A selfish ‘freedom’ for Israel's universities

From the www.monabaker.com archive (legacy material)

Hilary Rose and Steven Rose | Socialist Worker Online | 21 May 2005

The boycott of Israeli academic institutions is a vital part of the struggle for justice for the Palestinians, write Hilary Rose and Steven Rose
The AUT lecturers’ union passed resolutions in April calling for a boycott of two Israeli universities. One, Bar-Ilan, had a subsidiary college in the illegal Israeli settlement of Ariel, in the occupied West Bank.
The other, Haifa, had harassed Ilan Pappe, the distinguished historian and critic of the Israeli state. The AUT’s act provoked a furious counter-attack not just from Israel, where Haifa university is threatening to sue for defamation, but from Zionist groups around the world.
They have demanded, and obtained, a recall conference of the AUT, to be held on Thursday of next week, to reconsider the boycott. They have set up websites, launched petitions and organised protests from the Israeli embassy and the Jewish Board of Deputies.
The AUT’s critics are unable to defend work with Bar-Ilan and its subsidiary, which is clearly in breach of European regulations about trading with organisations that maintain subsidiaries in the illegal settlements.
Instead they argue that such boycotts are attacks on academic freedom.
They ignore the fact that the union was applauded for its longstanding boycott of apartheid South Africa, and has recently used the threat of boycott against Nottingham University.
The AUT’s sister union Natfhe is currently boycotting London Metropolitan University over another issue. The critics claim that the Israeli boycott is anti-Semitic, even though it is clearly not aimed at Jews but against Israeli institutions. Many Jewish academics support the boycott call.
While the AUT’s critics are loud in their defence of Israeli academic freedom, they are silent about Israel’s systematic abuse of Palestinian human rights.

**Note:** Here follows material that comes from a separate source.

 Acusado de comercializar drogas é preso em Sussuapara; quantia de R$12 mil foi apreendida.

These include the collective punishments, curfews, house demolitions, targeted assassinations, uprooting of olive trees and orange groves, seizure of Palestinian lands and the 450 kilometre “separation barrier”.
Much of this is a nine metre high wall which bites deep into Palestinian land and has been judged illegal by the International Court of Justice.

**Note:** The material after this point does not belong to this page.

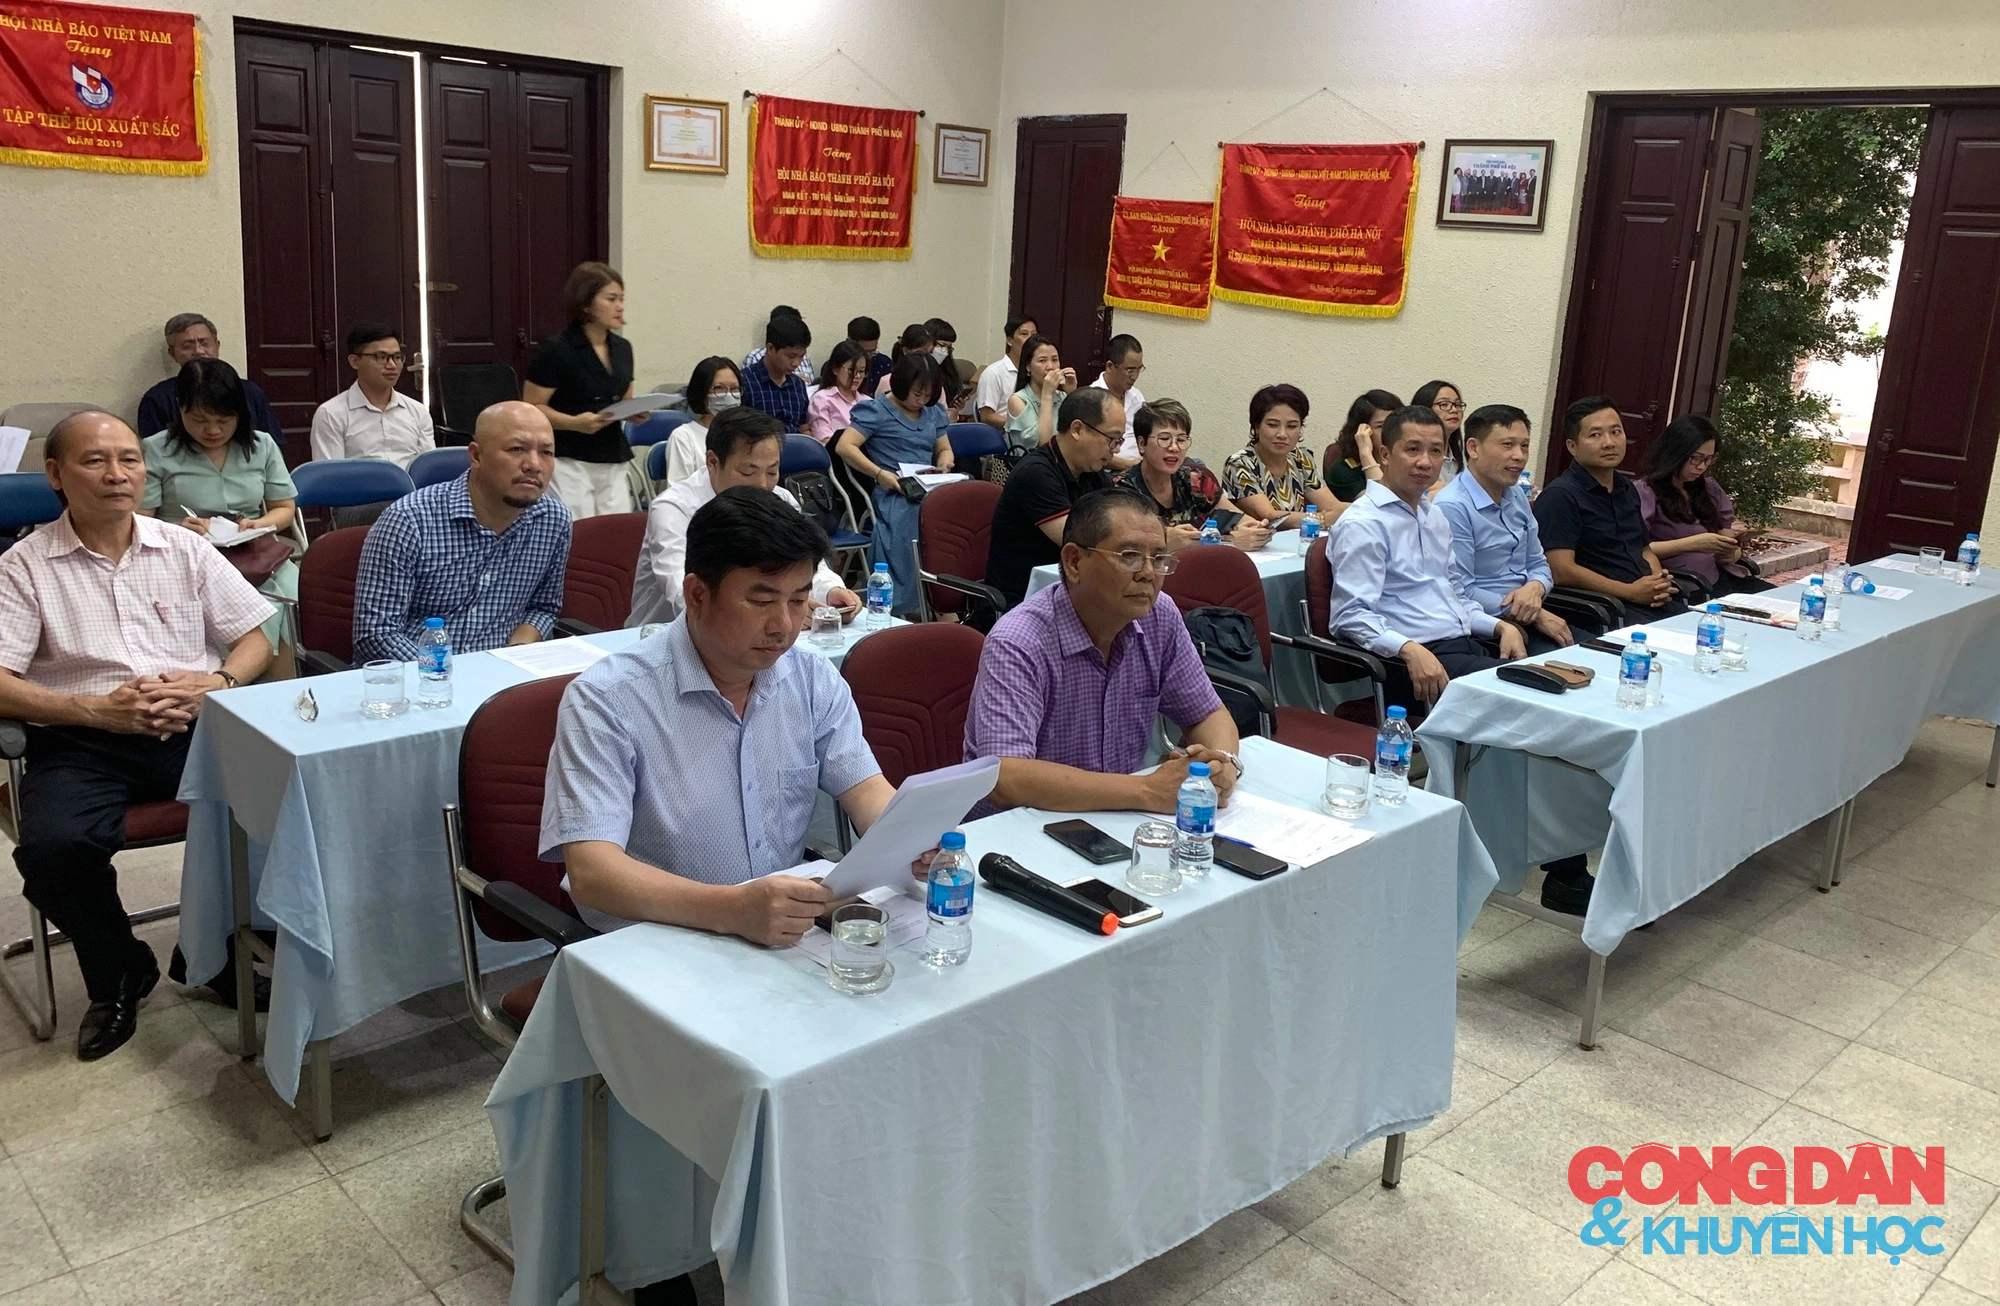 Hà Nội: Xây dựng môi trường văn hóa trong các cơ quan báo chí thủ đô và văn hóa của người làm báo Việt Nam - Ảnh 1.

Israel is becoming a state uncomfortably close to apartheid South Africa, with its equivalent of pass laws for Palestinians, its Jews-only roads and settlements.

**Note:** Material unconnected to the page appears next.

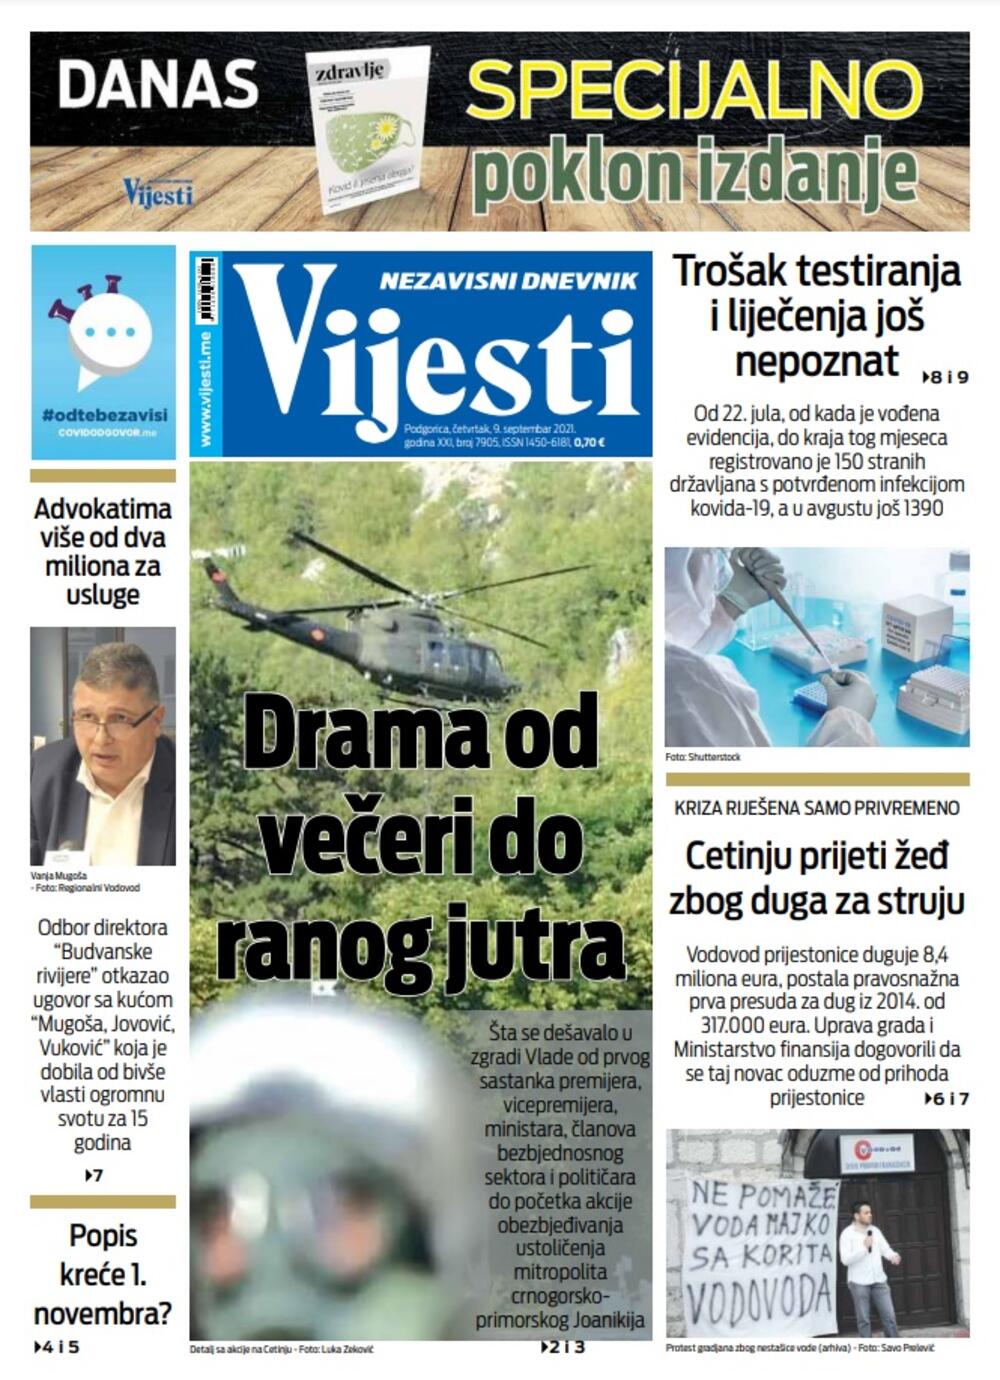 Naslovna strana "Vijesti" za 9. septembar 2021. godine, Foto: Vijesti

Archbishop Desmond Tutu noted this when he called for support for the boycott.
Palestinian colleagues and their students have their academic freedom — indeed their very right to education — routinely denied by the Israeli occupying forces.
Israeli ID cards restrict Palestinian movement within the West Bank and Gaza.
Students may be prevented from getting to classes, academics prevented from moving between one campus and another.
An assistant professor is told he cannot give a lecture as he is “not a professor” or is “under 45” and therefore not allowed through the checkpoint.
Scientific researchers are blocked from obtaining routine items of equipment without permission from the military and academic journals get “lost” in the post.
British academic support organisations have to go through elaborate procedures to guarantee the safe arrival of textbooks to help the impoverished universities.
Last year the Palestinian teaching unions and non-governmental organisations in the Occupied Territories called for an academic and cultural boycott of Israel and the suspension of funding and subsidies to Israeli universities.
They asked for international support for this call by academic, professional and cultural associations and organisations.
They were careful to exclude from such actions “any conscientious Israeli academics and intellectuals opposed to their state’s colonial and racist policies”.
The AUT’s resolutions are a partial response to this call from the Palestinian Campaign for the Academic and Cultural Boycott of Israel (PACBI).
But, the critics respond, why pick on Israeli academics, many of whom are said to be “on the left” and opposed to Sharon’s policies?
Yet apart from a handful of brave dissidents, most are either silent or actively complicit in the actions of the Israeli state. There is no equivalent anger to that of British academia’s reaction to the illegal Iraq war.
In response to the European moratorium call, launched in 2002, which invited researchers not to collaborate with colleagues at Israeli universities in making research bids, Israeli universities set up a joint committee to resist this.
The Israeli academic community does not see freedom as indivisible — the freedom most noisily defended is only its own. This is why it is important not merely to defend the resolutions the AUT has already passed against counter-attack at the special conference, but to go beyond them to actively support the PACBI call.
This should be by Natfhe as well, the union with which the AUT is shortly to merge. The boycott is a powerful, and non-violent, method of creating international pressure for change.
A boycott helped overthrow apartheid. Today it can play a vital role in the struggle for just peace in Palestine/Israel.